According to the Bureau of Labor Statistics (BLS), the United States created 517,000 new jobs in January, a significant increase from the revised 260,000 in December and far beyond economist expectations of 185,000.
The most recent statistics are extremely unexpected. Only 185,000 new jobs were predicted to be added to non-farm payrolls in January, according to a Reuters survey of economists. In addition, unemployment has marginally decreased from 3.5% in December to 3.4% now.
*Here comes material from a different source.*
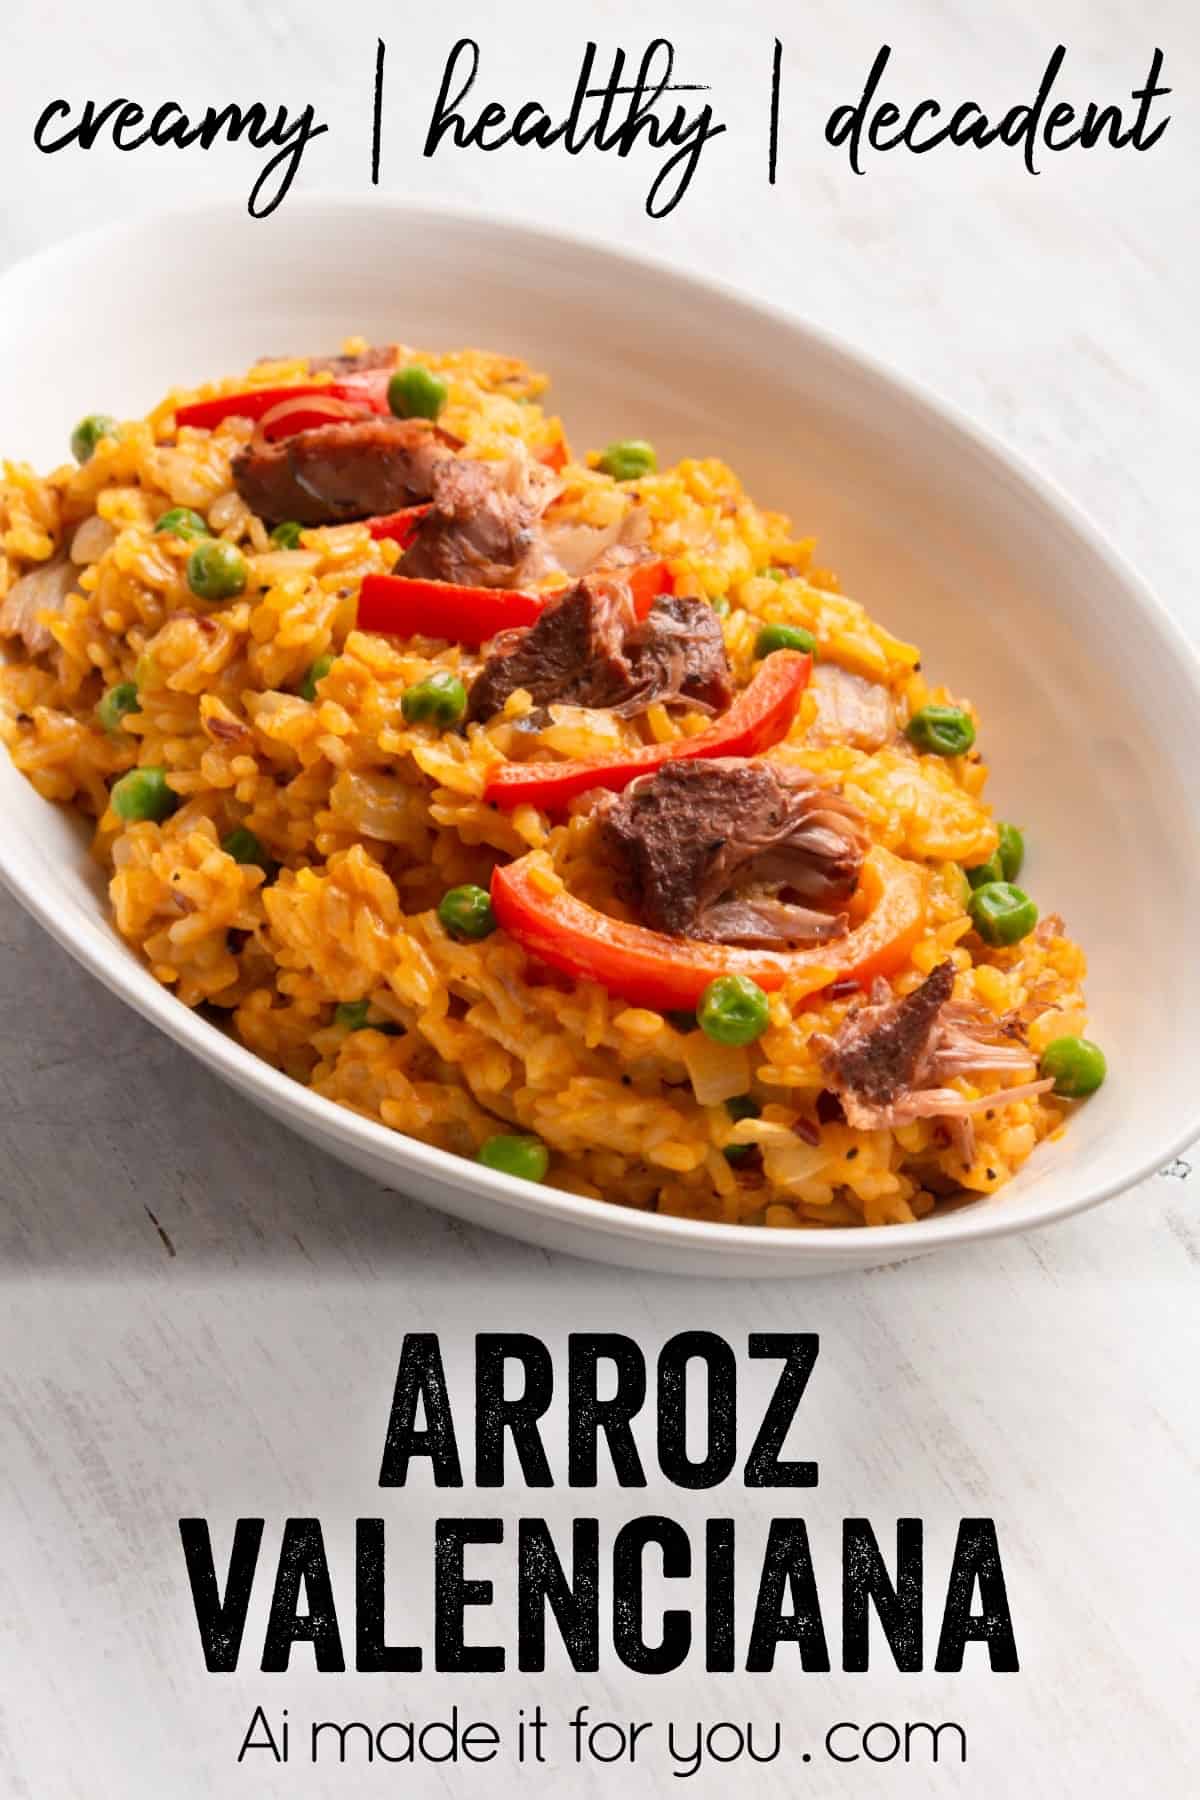 Vegan arroz valenciana is a plant based twist on the classic hearty Filipino dish using rice, coconut milk, jackfruit confit, and saffron! Full of flavor and vegetables, it tastes healthy yet creamy and decadent! #vegandinner #filipinofood #plantbasedmeal #meatlessmonday #coconutmilk

But the same was predicted to increase to 3.6%.
Despite the massive wave of layoffs that affected some of the biggest companies in the country, the unemployment rate surprisingly dropped and more jobs were added back to the labor market than anticipated in January.
Rubeela Farooqi, the chief U.S. economist at High-Frequency Economics, recently told Reuters, “We caution against extrapolating. Overall, the BLS data show the economy continues to create jobs at a strong pace, and the labor market is showing only gradual signs of softening despite a rapid increase in interest rates.”
In line with almost all predictions, the Fed increased interest rates by 0.25% this week, and Chair Jerome Powell has stirred things up by invoking the word “disinflation” in accompanying remarks.
According to the CME FedWatch Tool, the likelihood of more interest rate increases in March and May dramatically increased following the jobs report. These changes added to indications that the American economy might not be slowing down sufficiently for the Federal Reserve to abandon its abrasive drive to contain price increases.